I’ve only held this view since I have become more interested in history and legal history.
don’t panic Norma, I don’t think we really disagree. I was just being a bit flippant really. I know it is also about money and all sorts of other pragmatic things…
Oh Brian, what a charmer you are. You have made me swoon so much I will need to sit down for the rest of the evening. No wonder us women are absolutely dying to have our “special day” with you.
PS, us silly girls by the good grace of social progression and equal opportunities now have our own assets, so you can keep your Ford Mondeo.
Well said Norma. Entirely agree. Marriage is not the CAUSE of a loving, stable relationship. It is a reflection of it. That does not mean that it is impossible for cohabitants to have a loving, stable relationship – many do – but the statistics are clear. Cohabiting relationships break down quicker.
I don’t dispute that marriage is a fundamental part of stability for the family. What I do very firmly dispute is that a man of his class and his generation should preach about marriage to a world that is – thankfully in my view – entirely different.
I remember at a law dinner asking a slightly tipsy senior judge what his proudest achievement was. He said ‘my wife’. At first I was touched. Then I pondered a little more on the realities operating behind that statement. He was from a generation of men where women were offered few choices in life and upon marriage probably had to give up whatever career they might have carved out before it. His success, comfort and happy family life were largely due to the fact that he had been able to be supported by an intelligent and capable women who put her energies into the family and enabled him to concentrate on achieving success in his profession.
that isn’t the world any longer. And I, and my daughter are glad.
And I’m a single mother Sir P. I pay higher rate taxes. What’s your beef with me?
Independence for women is great if they really are independent.So many women now are single mums dependent on the State and that cannot be a good thing and cannot really be called independence !.If the father vanishes or is “uknown” that also is a bad thing.
How can we reduce the number of single mums and feckless fathers? Well I reckon that since the swinging sixties successfully promoted the slogan “Make love not war” there is not much we can do to reverse this trend unless the government actually promotes marriage instead of penalising it through the tax system.
If there were huge tax incentives for those who marry or enter a civil partnership and who stay together the government would probably do very well financially, saving more in benefits than it gave away in tax réductions. I have no proof of this but it does seem to be common sense enough to be worth trying out without shrill cries from singles that they are being discriminated against ! If committed couples save the government money by committing and staying committed they should be rewarded for that reason and not for their “morals” !

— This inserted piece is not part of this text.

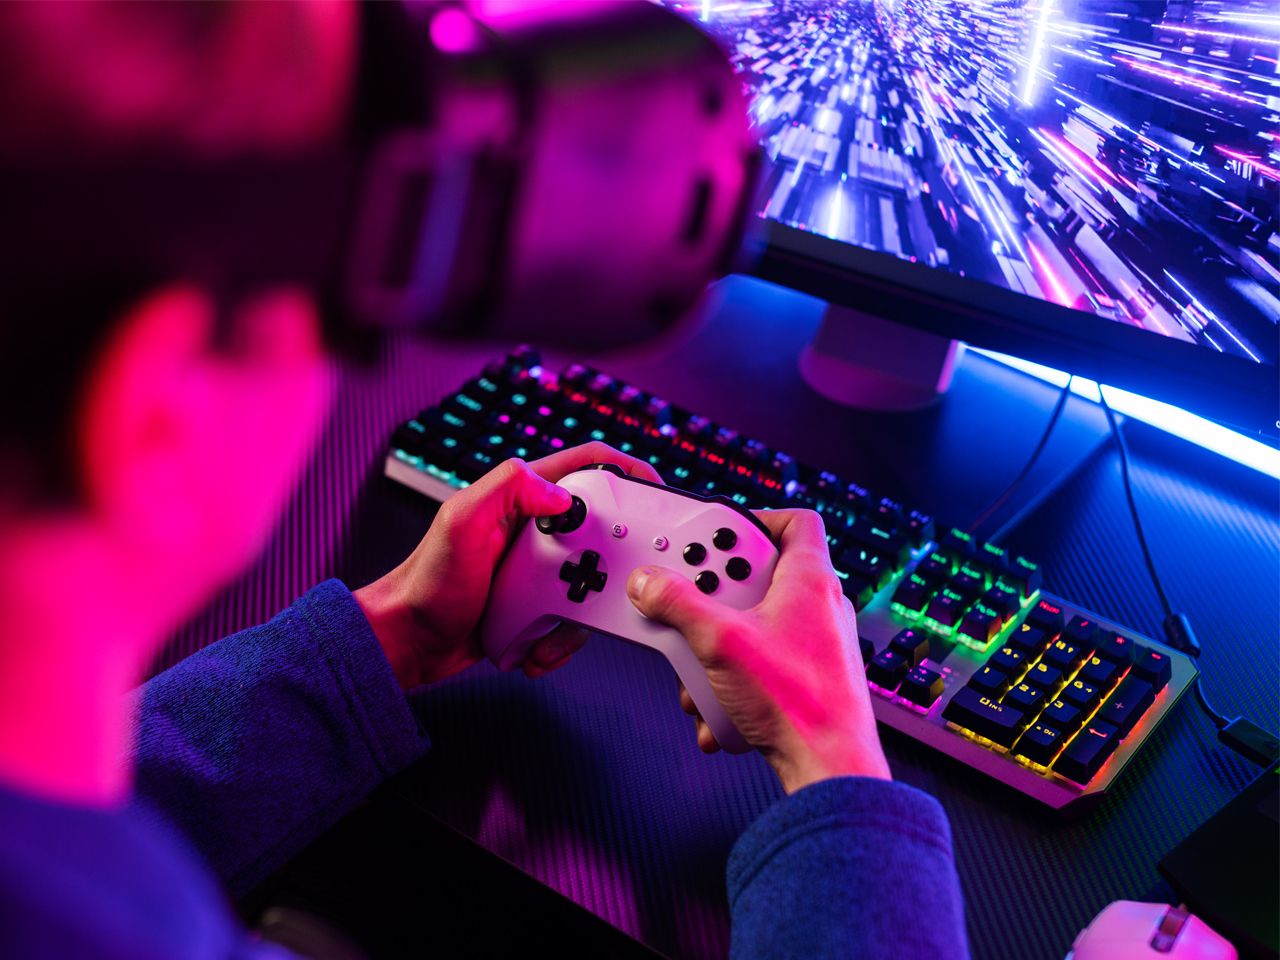 Self-regulation of Online Gaming: Proposed amendments to Intermediary Guidelines
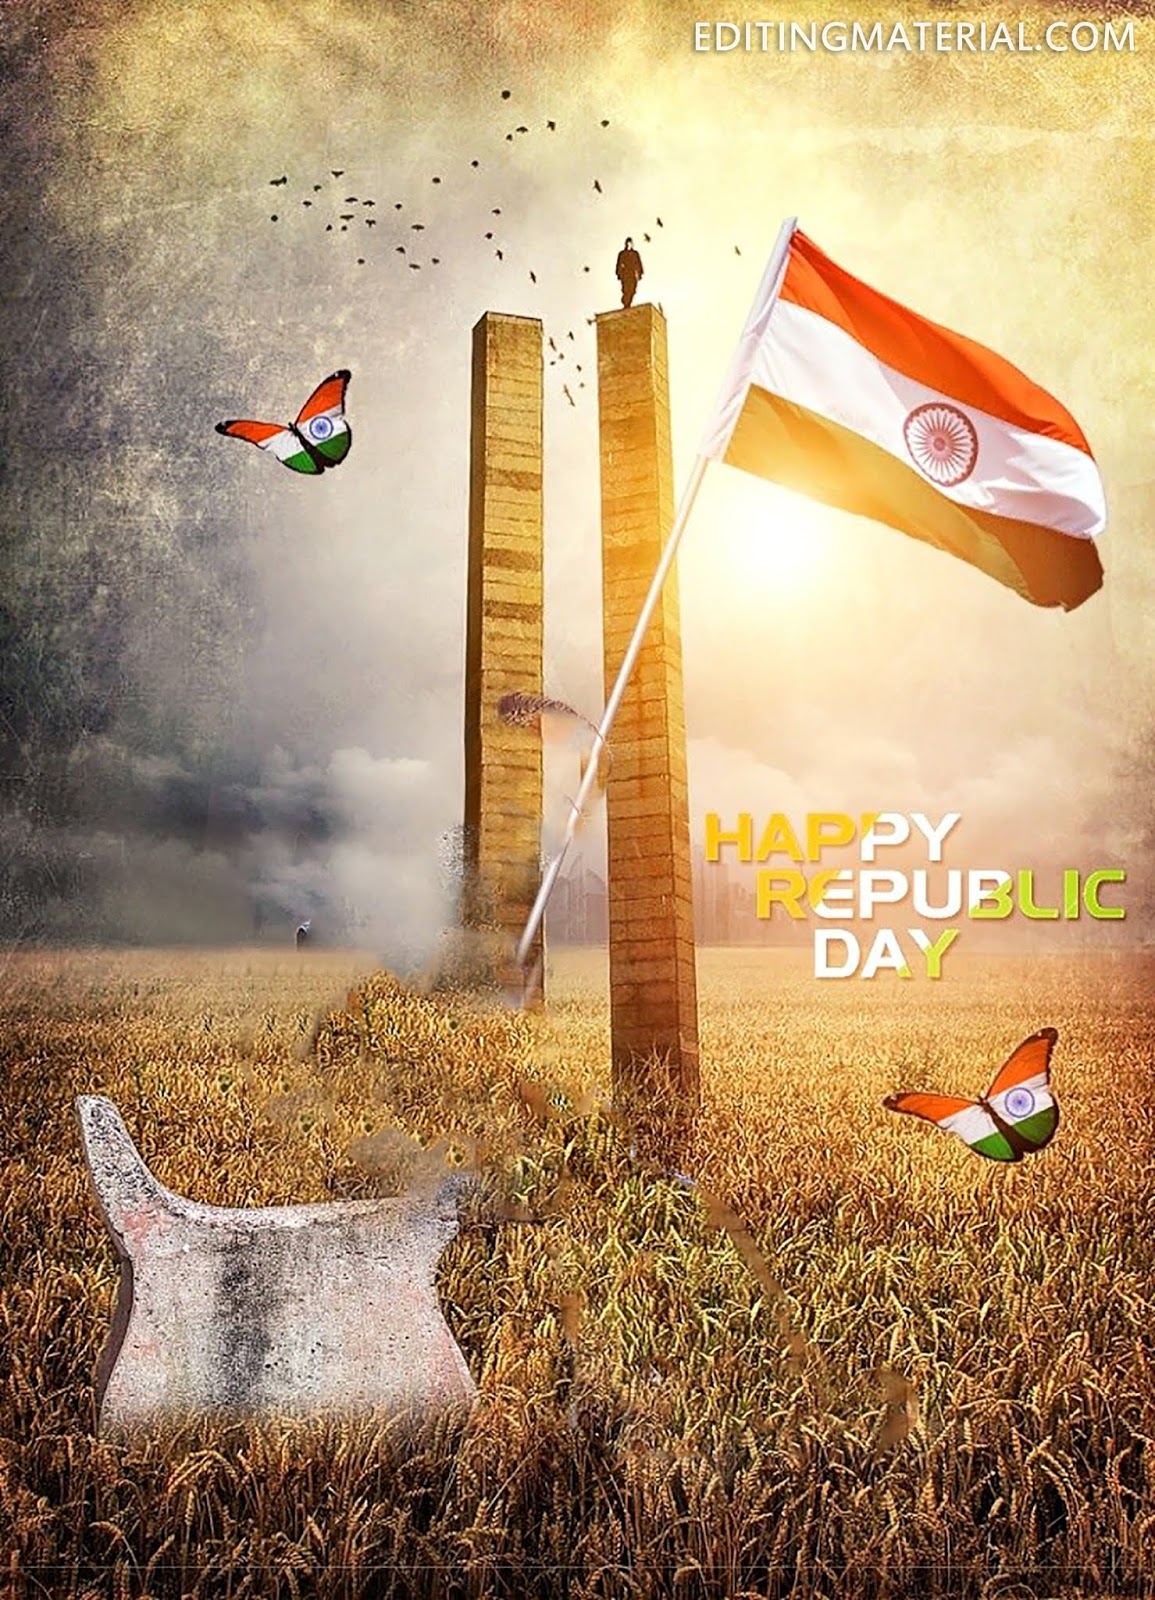 26 January 2019 photo editing backgrounds for Picsart and photoshop, Picsart  photo editing background republic day Editing|

News of Sir P’s latest load of tosh made it to the Southern Hemisphere – but I couldn’t get more than four lines in without feeling the urge to throw my laptop out of the window. How can he think that marriage is some sort of cure-all for childhood ills in the light of the latest headlines that a third of British families are living on inadequate incomes? Does he really think that separated parents are lolling about in the lap of luxury? I have had so many clients whose kids couldn’t have their friends round for tea because their parents couldn’t afford an extra plate of food.
What will he come up with next – Trump as the saviour of marriage because outlawing abortion and easy access to contraception will stop people (read women) having control of their fertility? The mind boggles. Honestly.